- Born: November 25, 1950
- Died: October 20, 2020 (aged 69)
- Education: Brown University; College of William and Mary;
- Scientific career
- Fields: Historical archaeology, material culture
- Institutions: Boston University

= Mary Beaudry =

American archaeologist, educator, and author (1950–2020)

Mary Carolyn Beaudry (November 25, 1950 – October 20, 2020) was an American archaeologist, educator and author whose research focused on historical archaeology, material culture and the anthropology of food. She was a professor of archaeology, Anthropology, and Gastronomy at Boston University (BU).

Beaudry participated in archaeological fieldwork in New England, Virginia, the Western Isles of Scotland and the Caribbean.
She was visiting professor at the University of Sheffield and Bristol University. Towards the end of her life, Beaudry focused her research interests on the anthropology of food.

In 2013, Beaudry was the recipient of the J. C. Harrington Award and Medal in Historical Archaeology, for "life-time contributions and dedication to the discipline of Historical Archaeology".

Beaudry died of complications of an existing heart condition on October 20, 2020.

== Education ==
Beaudry attended the College of William and Mary, initially choosing a major in English, with the goal of being a writer. In 1970, she enrolled in an Introduction to Anthropology class in order to meet a college requirement. Along with her class, Beaudry was invited by the instructor to join the excavation of a prehistoric shell midden at Maycock Plantation.

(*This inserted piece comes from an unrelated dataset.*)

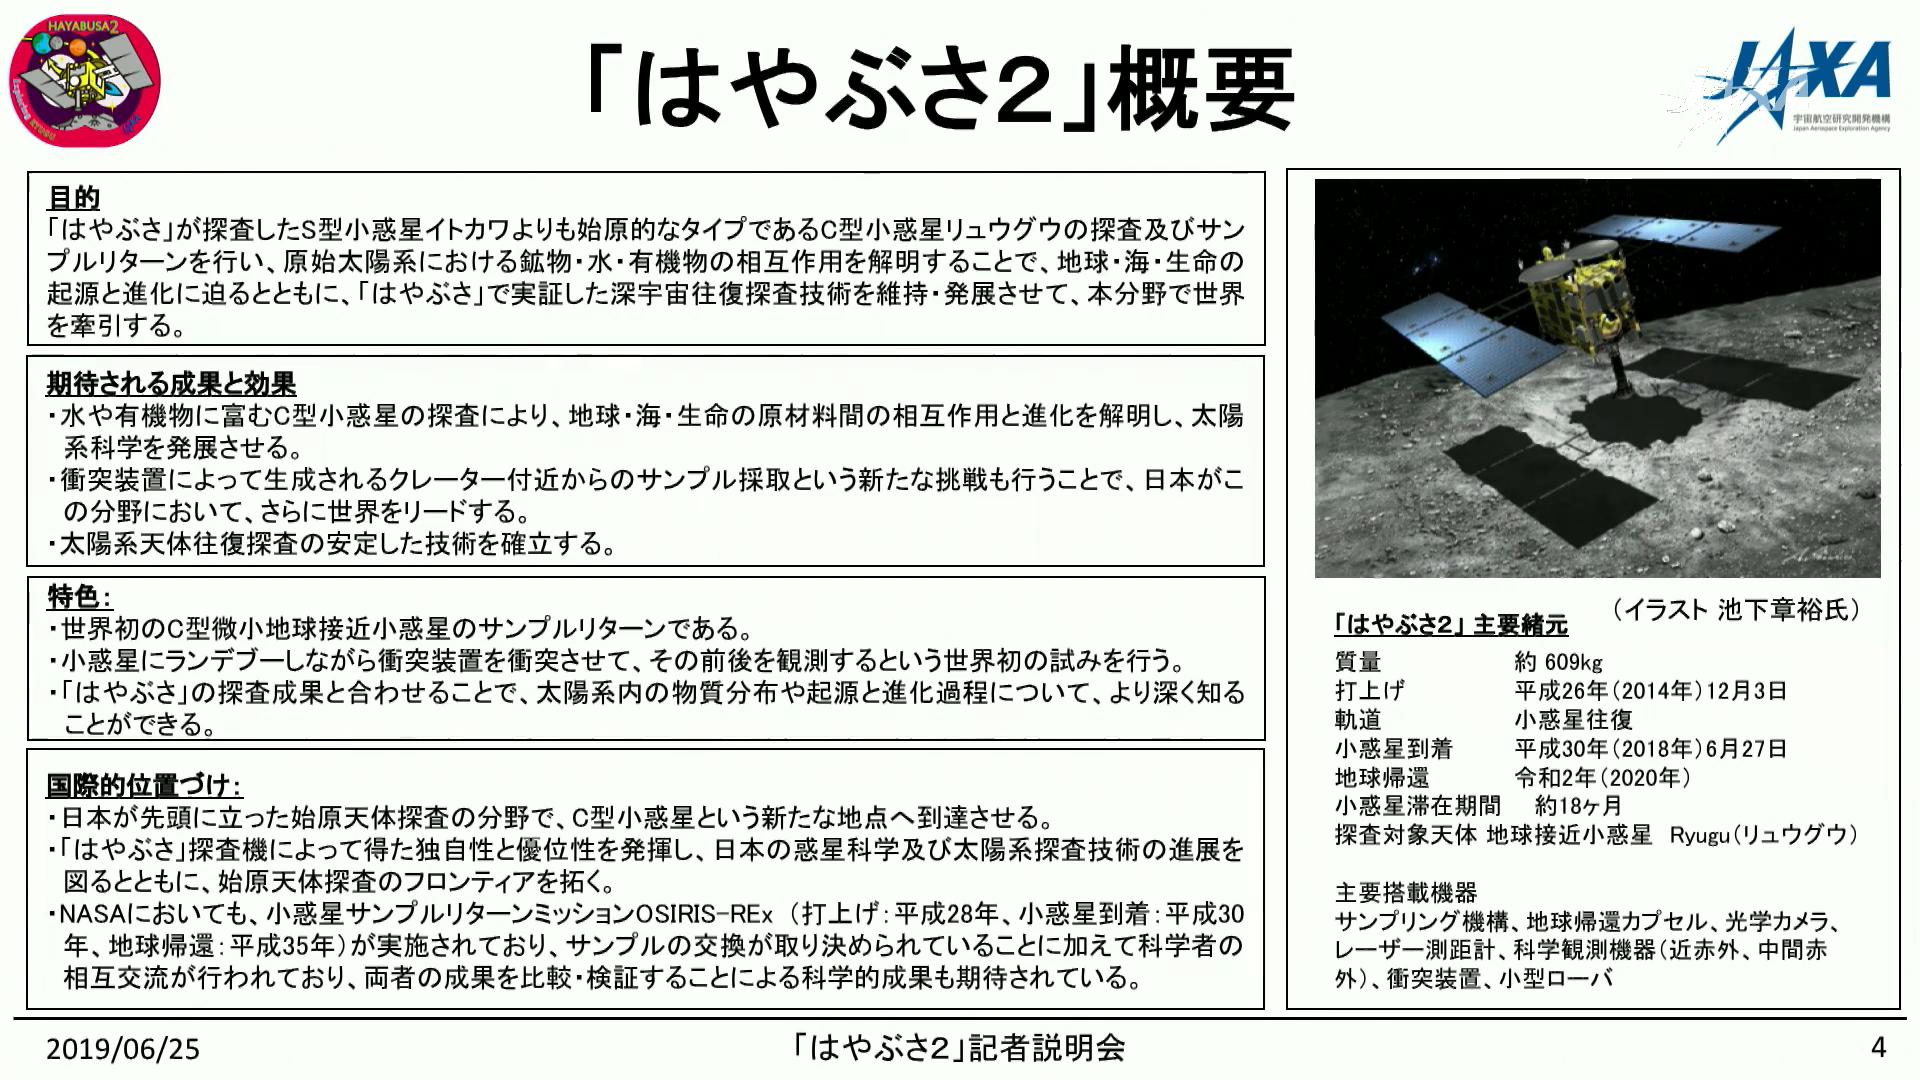 f:id:Imamura:20190625234642p:plain
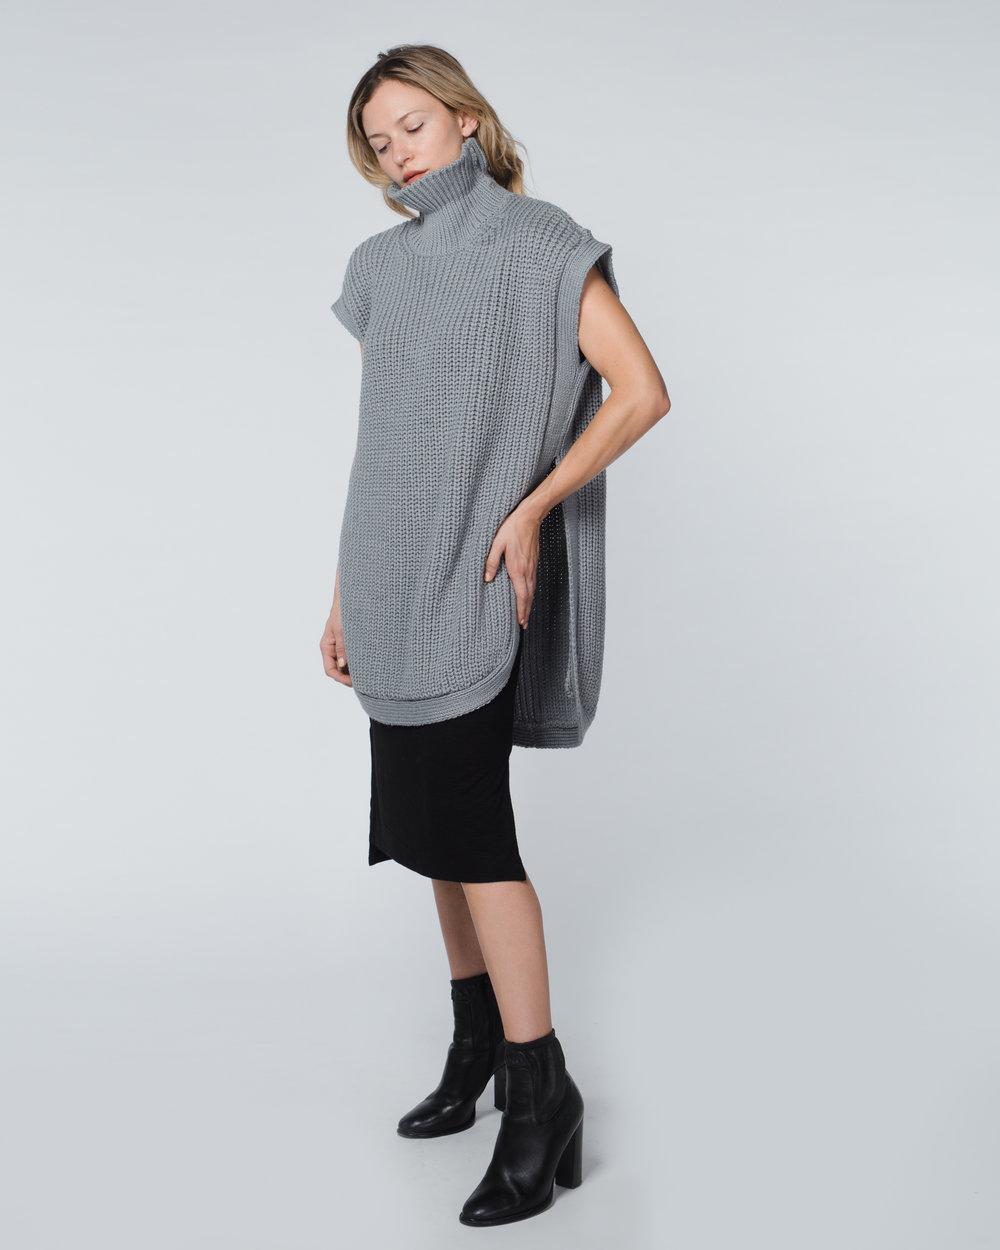 1x1-agoraphobia-sleevless-turtleneck-sweater-sharkskin-gray

During the excavation, Beaudry assisted in the discovery of the remains of a 17th-century child. The boy was unearthed wearing a copper and glass bead necklace. That discovery was a turning point for Beaudry. After learning that archaeologists can research the historical period and not just prehistory, Beaudry decided to pursue a career in historical archaeology and changed her major to Anthropology. Beaudry earned a BA in anthropology in 1973 and then went on to study at Brown University, obtaining a MA from the Department of Anthropology in 1975 and a PhD in 1980.

==Career ==

In 1980, Beaudry accepted a position as assistant professor of anthropology at Boston University (BU). One of her first projects as Assistant Professor was to help create a new program in archaeology at BU. She was promoted to Professor of Archaeology and Anthropology at BU in 2004. In 2010, Beaudry took on the additional role of Professor of Gastronomy at Boston University Metropolitan College.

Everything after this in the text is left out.